## TASK STATEMENT
Return verbatim the lines that run from the one holding "RENOVATION EXPO 2022" to the end of the listing, both ends included, without the pictures.

#### INFORMATION PROVIDED

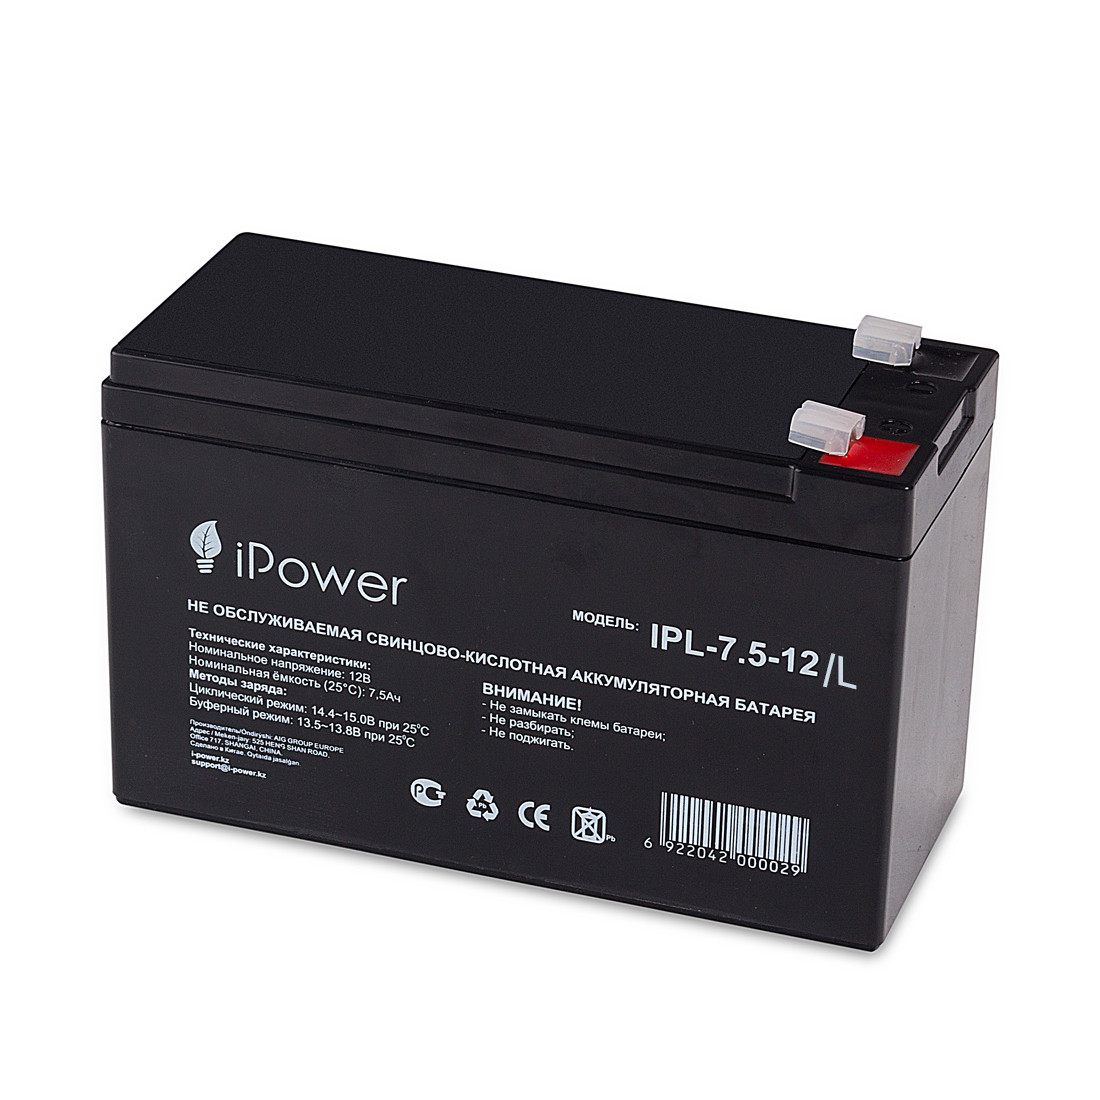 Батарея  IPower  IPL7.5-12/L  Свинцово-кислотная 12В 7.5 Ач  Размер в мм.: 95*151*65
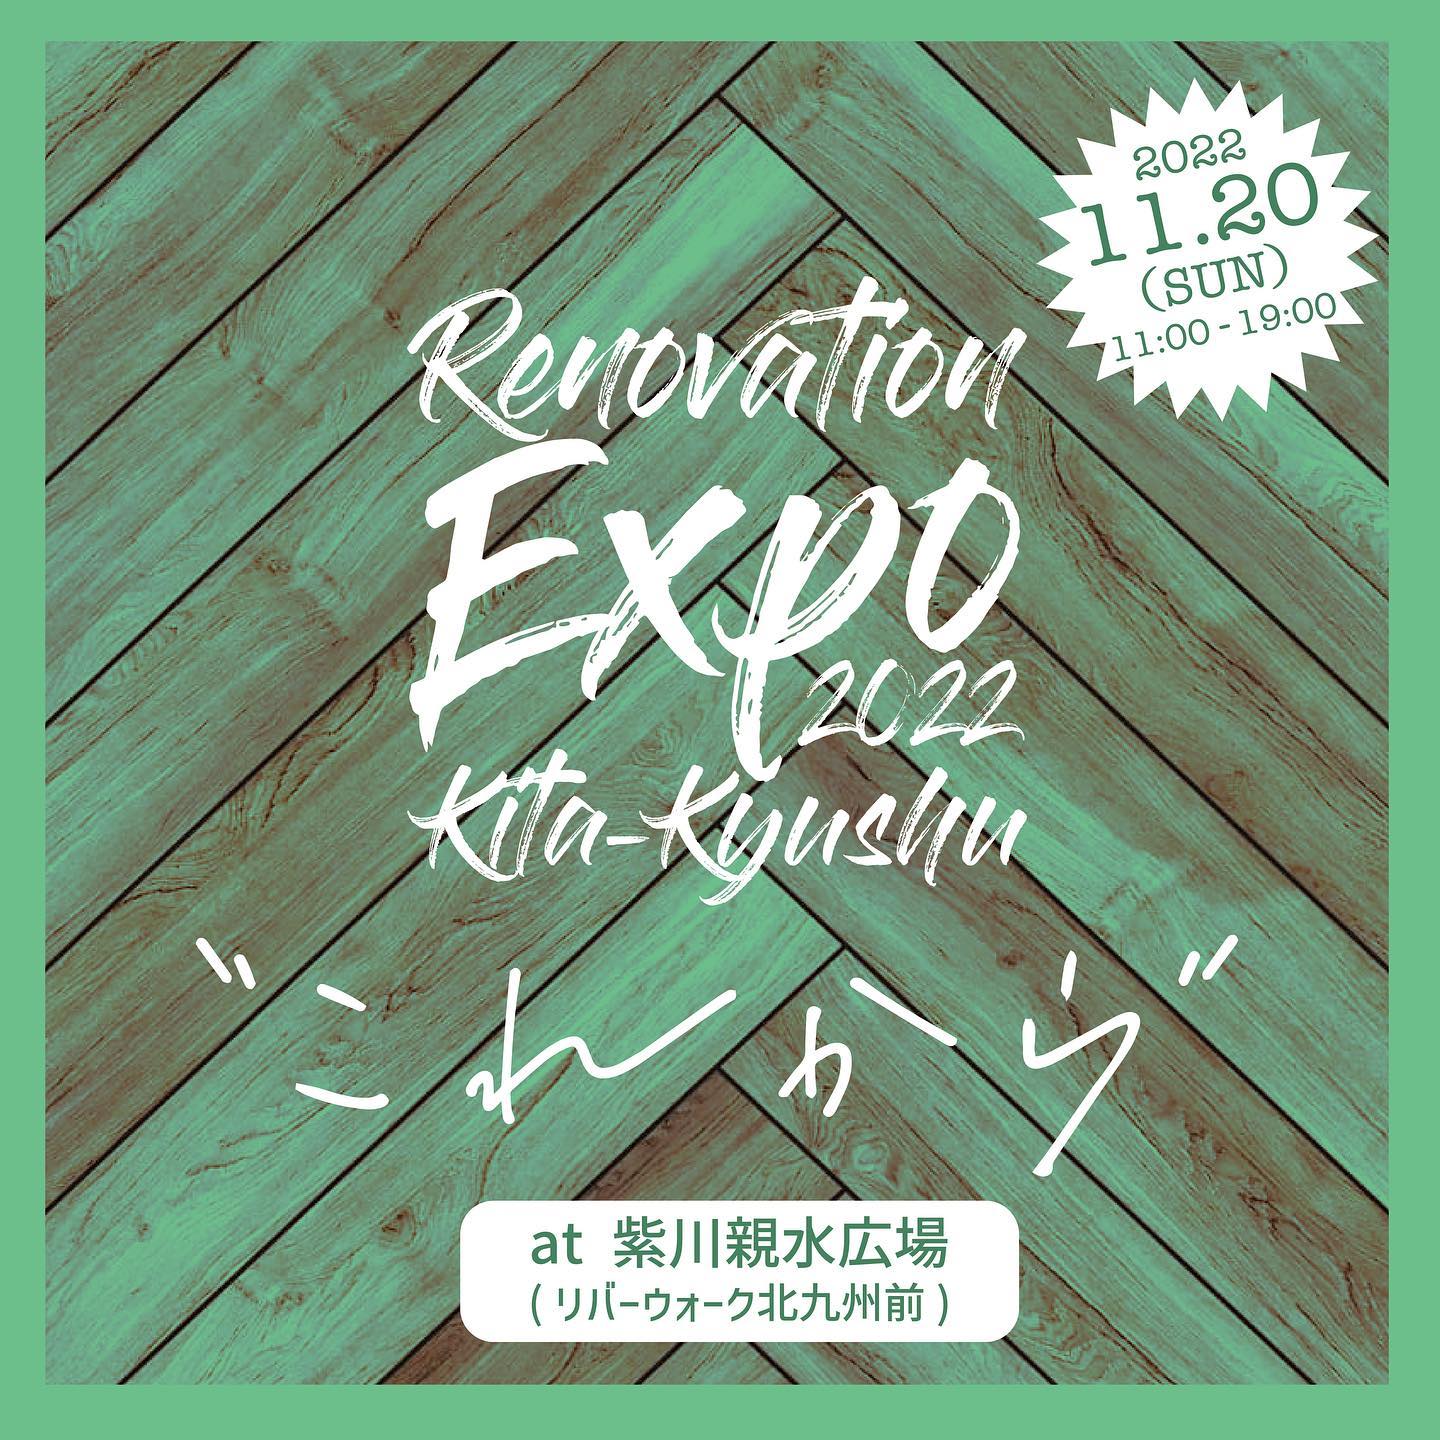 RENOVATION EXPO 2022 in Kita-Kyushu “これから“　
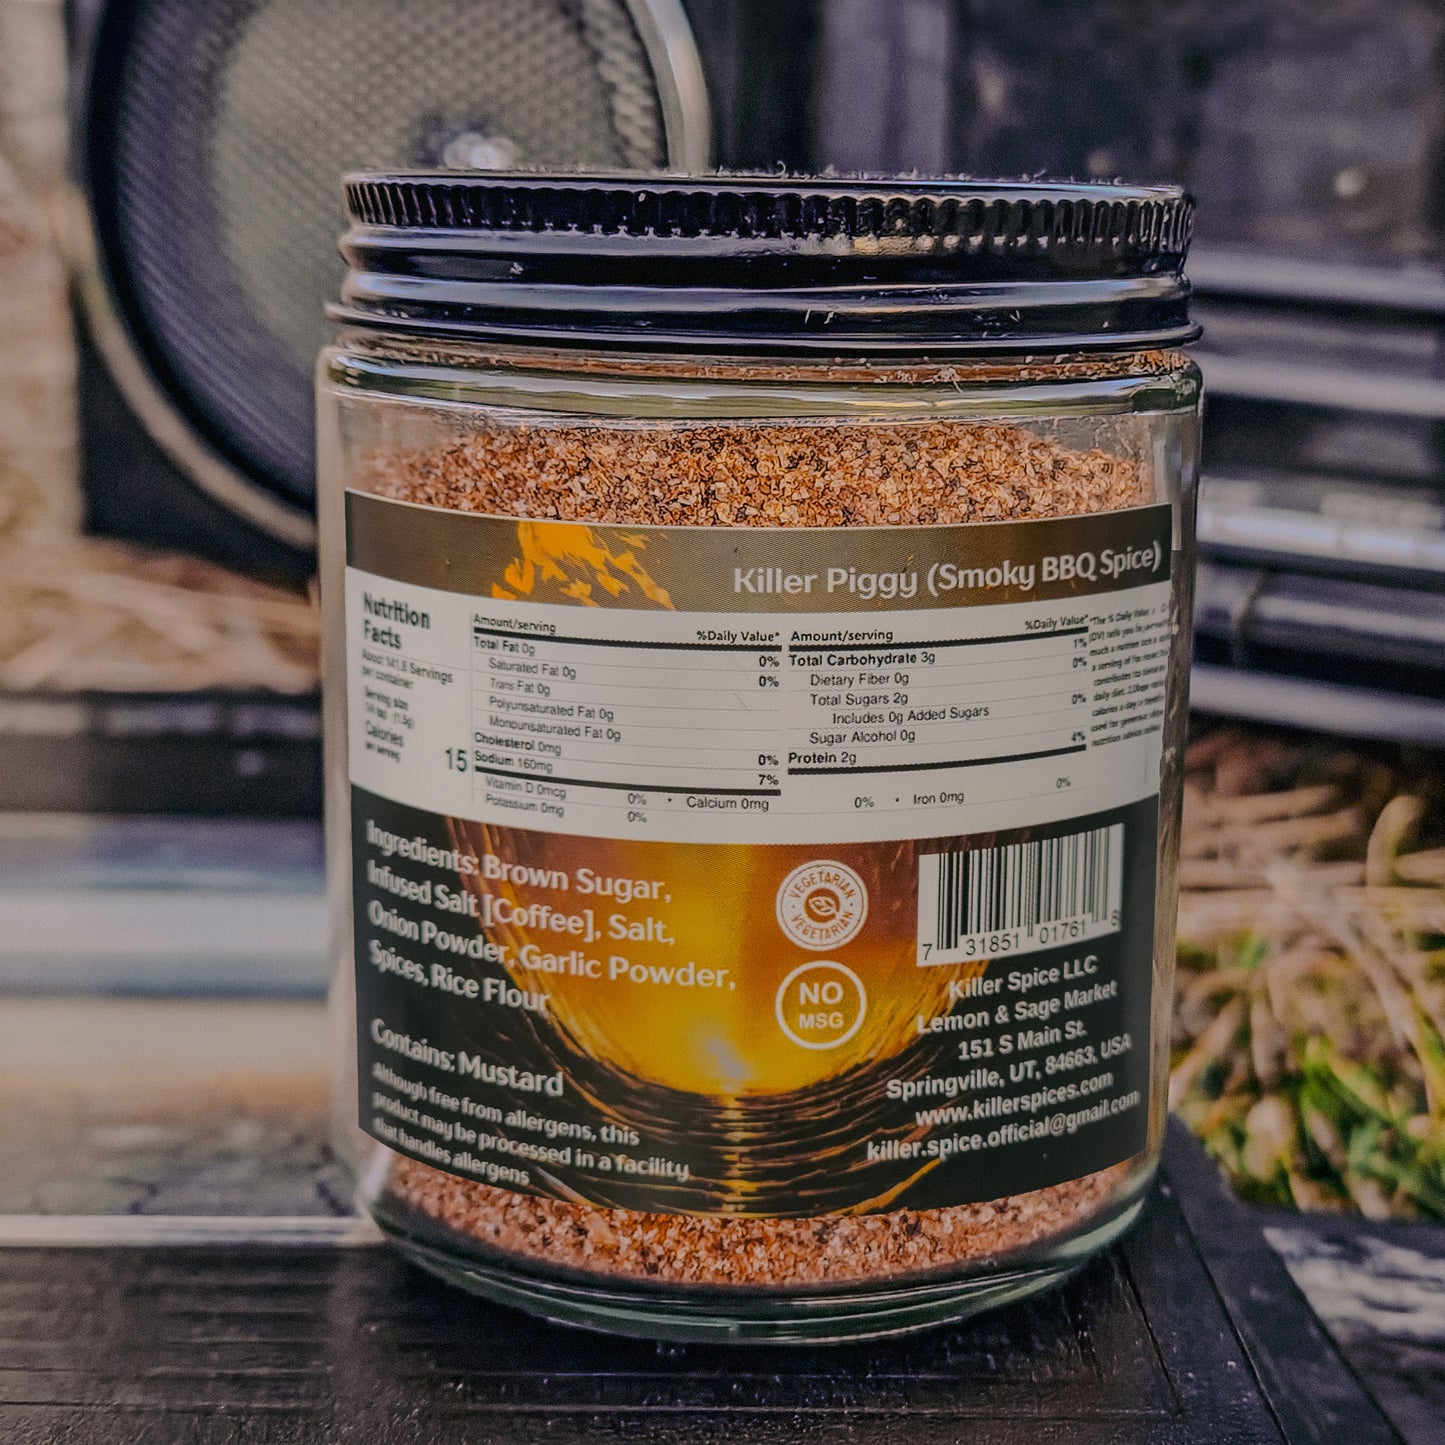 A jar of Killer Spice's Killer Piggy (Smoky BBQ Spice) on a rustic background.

########

## ANSWER SECTION
 RENOVATION EXPO 2022 in Kita-Kyushu “これから“　
 A jar of Killer Spice's Killer Piggy (Smoky BBQ Spice) on a rustic background.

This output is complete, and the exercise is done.